How to use pylazaro
¶
In order to use pylazaro
you need to create an instance of the class pylazaro.lazaro.Lazaro
. This
object will be our tagger. We can then pass any text in Spanish to the tagger through the method
pylazaro.lazaro.Lazaro.analyze()
and the
tagger will
return the lexical borrowings found in the text encoded in the object pylazaro.outputs.LazaroOutput
.
Example¶
Here is a minimal example of how to use pylazaro
:
>>> from pylazaro import Lazaro
>>> tagger = Lazaro()
>>> text = "Inteligencia artificial aplicada al sector del blockchain, la e-mobility y las smarts grids entre otros; favoreciendo las interacciones colaborativas."
>>> result = tagger.analyze(text)
>>> result.borrowings_to_tuple()
[('blockchain', 'en'), ('e-mobility', 'en'), ('smarts grids', 'en')]
>>> output.borrowings_to_dict()
[{'borrowing': 'blockchain', 'language': 'en', 'start_pos': 6, 'end_pos': 7}, {'borrowing': 'e-mobility', 'language': 'en', 'start_pos': 9, 'end_pos': 10}, {'borrowing': 'smarts grids', 'language': 'en', 'start_pos': 12, 'end_pos': 14}]
>>> result.tag_per_token()
[('Inteligencia', 'O'), ('artificial', 'O'), ('aplicada', 'O'), ('al', 'O'), ('sector', 'O'), ('del', 'O'), ('blockchain', 'B-ENG'), (',', 'O'), ('la', 'O'), ('e-mobility', 'B-ENG'), ('y', 'O'), ('las', 'O'), ('smarts', 'B-ENG'), ('grids', 'I-ENG'), ('entre', 'O'), ('otros', 'O'), (';', 'O'), ('favoreciendo', 'O'), ('las', 'O'), ('interacciones', 'O'), ('colaborativas', 'O'), ('.', 'O')]
Running pylazaro
with other models¶
pylazaro
can be run with five different types of models (see How does pylazaro work? in About pylazaro):
A BiLSTM-CRF model fed with subword embeddings and lexical embeddings pretrained on codeswitching data (this is the best performing model, and the default model used by
pylazaro
)A Conditional Random Field model with handcrafted features
By default, pylazaro
will use the first model (BiLSTM-CRF with codeswitched embeddings), which is the best-performing model of all, but this can be modified when instantiating pylazaro.lazaro.Lazaro
:
>>> tagger_bilstm = Lazaro(model_type = 'bilstm', model_file="lirondos/anglicisms-spanish-flair-cs") # Equivalent to tagger_bilstm = Lazaro() and to tagger_bilstm = Lazaro(model_type = 'bilstm')

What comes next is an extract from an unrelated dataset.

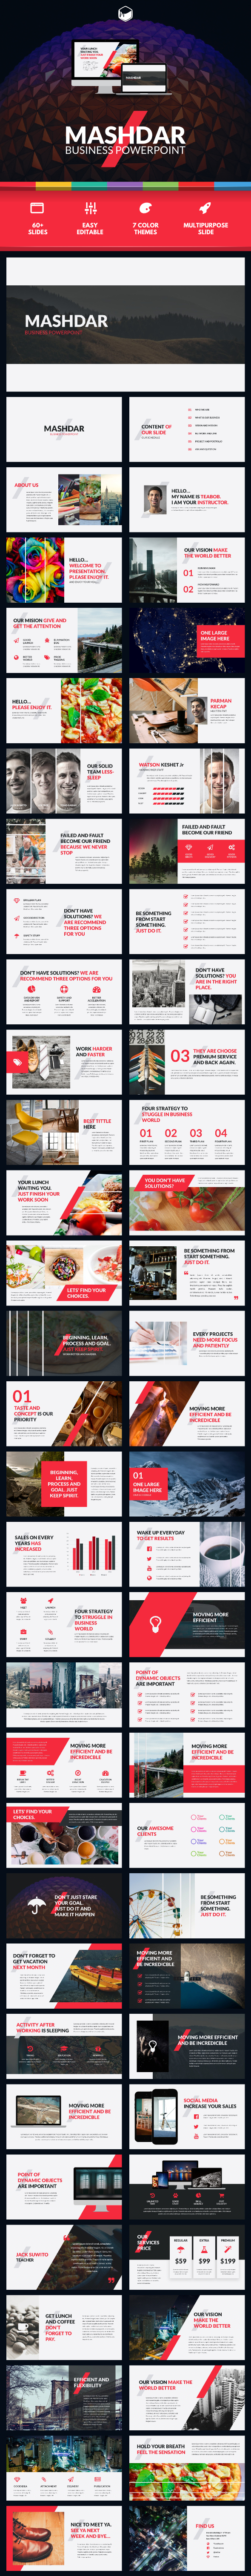 Mashdar - Business PowerPoint - Business PowerPoint Templates

>>> tagger_bilstm = Lazaro(model_type = 'bilstm', model_file="lirondos/anglicisms-spanish-flair-bert-beto")
>>> tagger_bilstm = Lazaro(model_type = 'transformers', model_file="lirondos/anglicisms-spanish-mbert") # Equivalent to tagger_transformers = Lazaro(model_type = 'transformers')

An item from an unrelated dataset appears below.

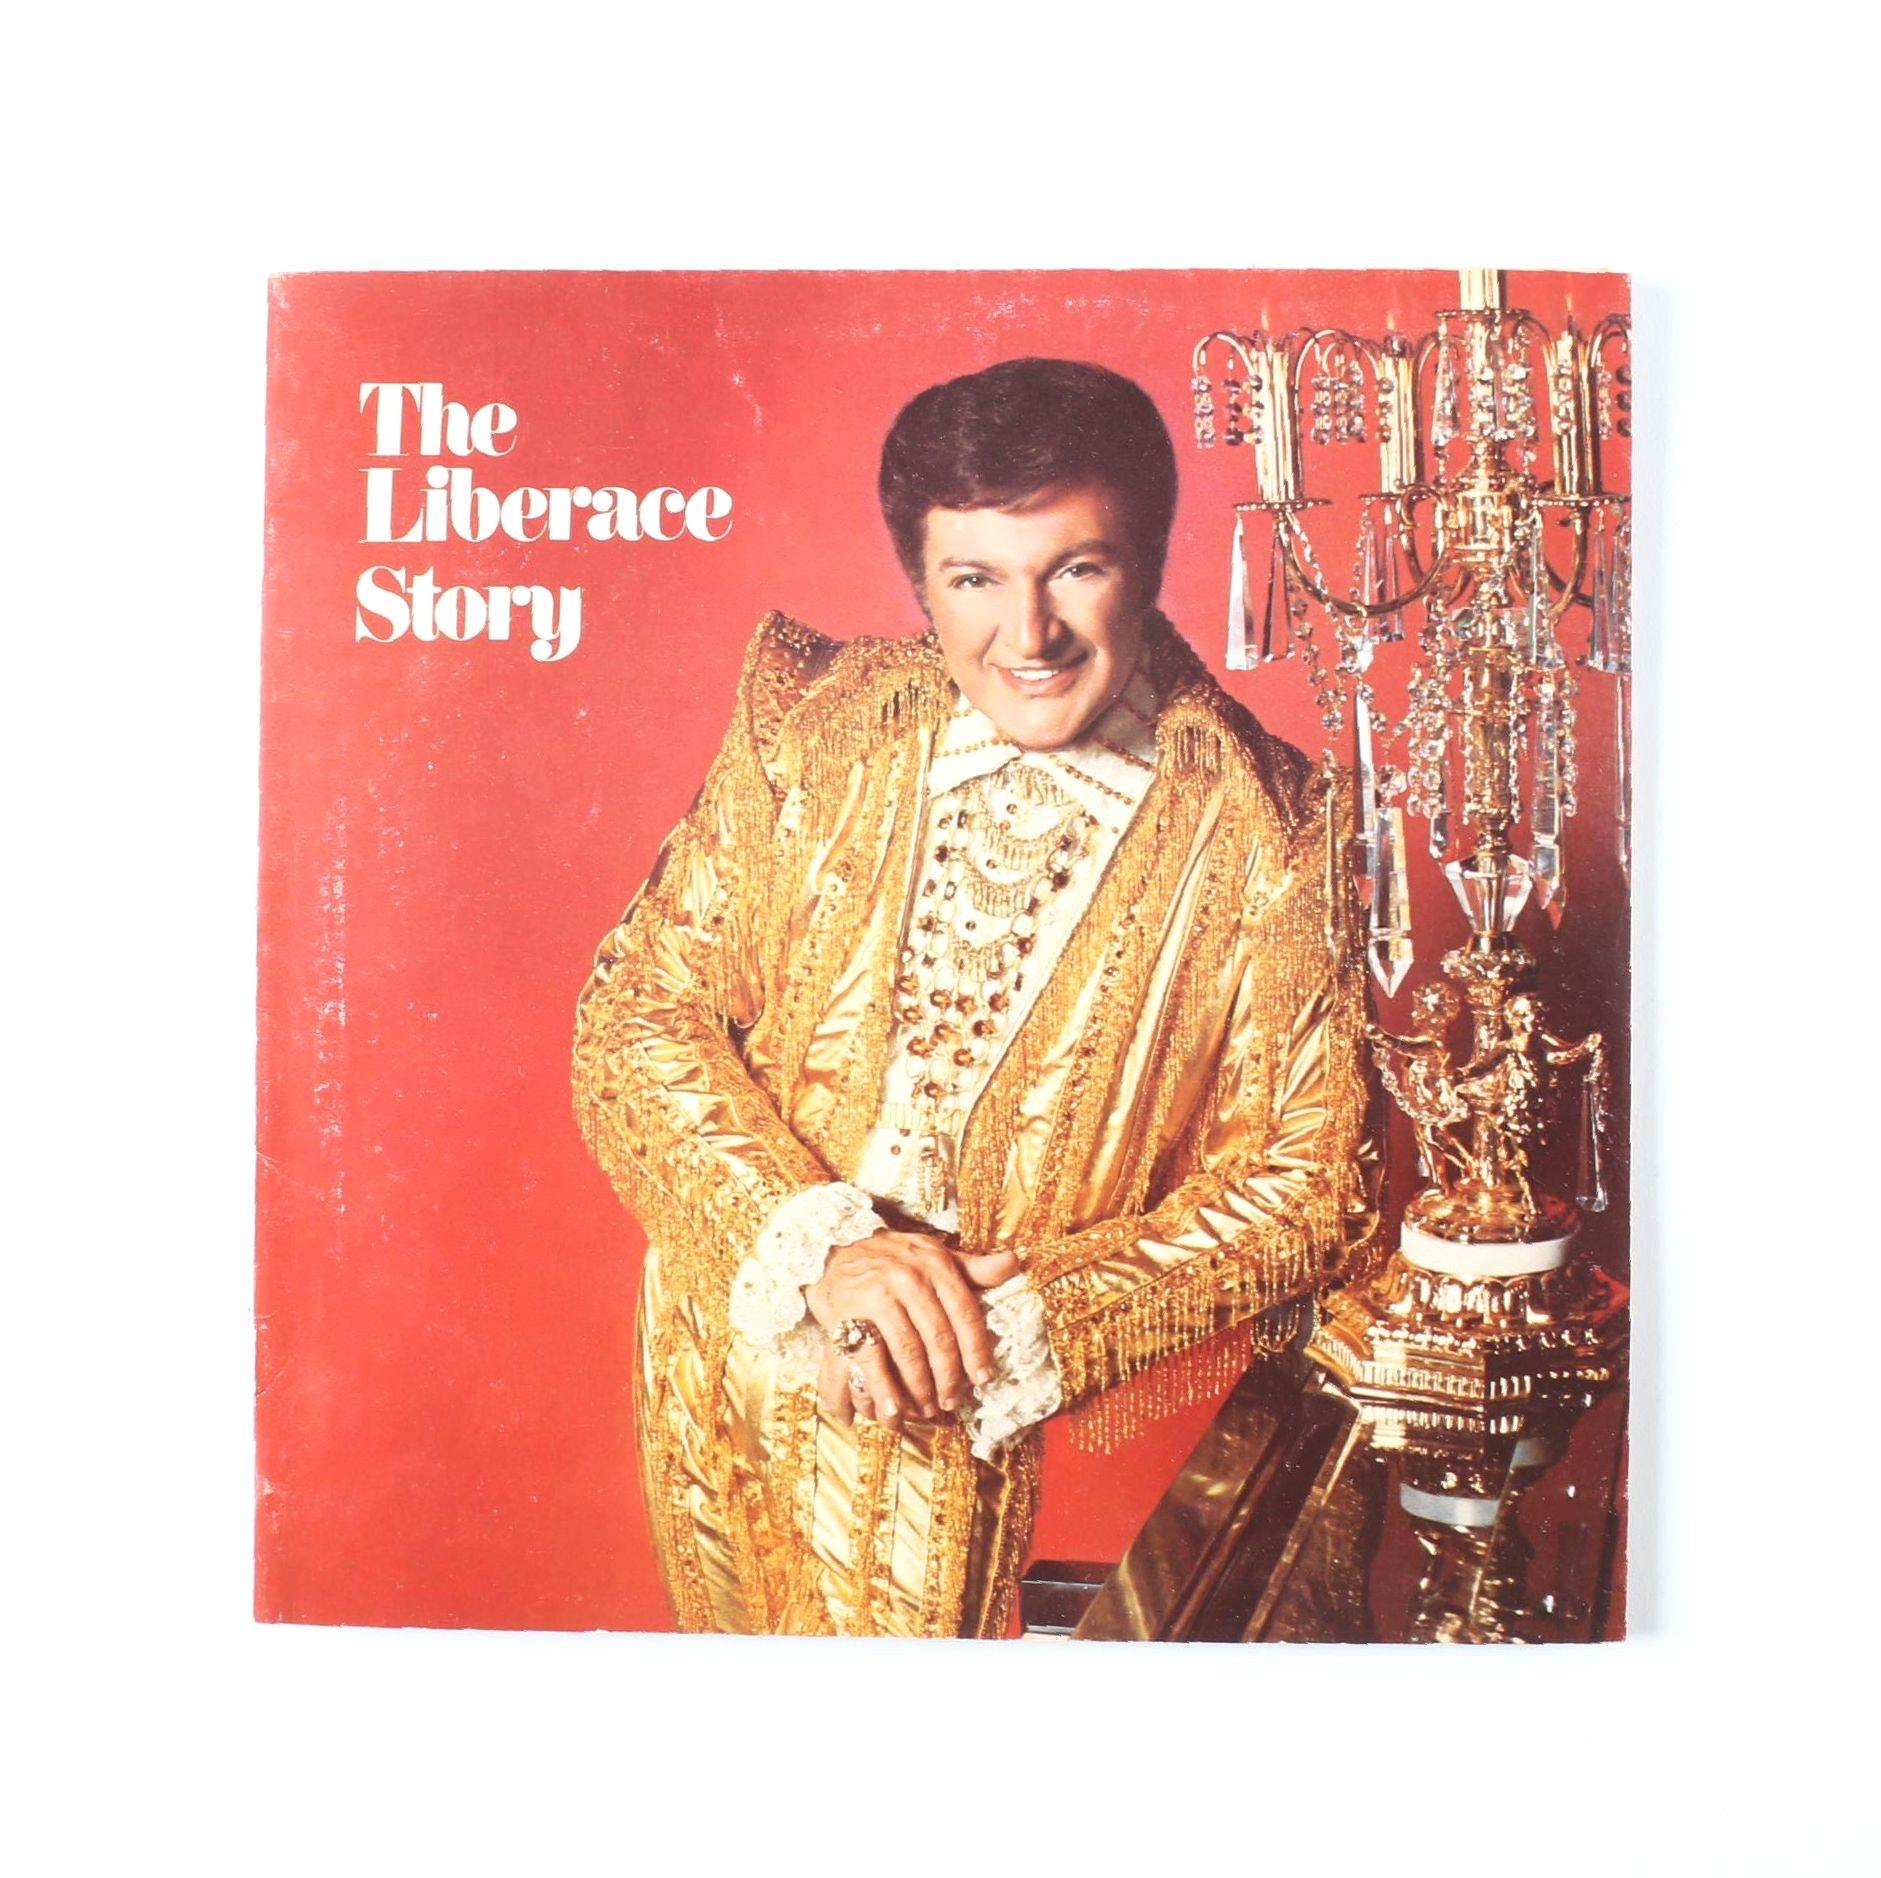 """The Liberace Story"" 1970s Concert Program"

>>> tagger_bilstm = Lazaro(model_type = 'transformers', model_file="lirondos/anglicisms-spanish-beto")
>>> tagger_crf = Lazaro(model_type = 'crf') # Requires extended installation
Warning
In order to run the CRF model, the extended installation is required (see Installation guide). However, we don’t recommend using the CRF model, as it is the worst-performing model of all three options (and the extended installation will significantly take more memory space).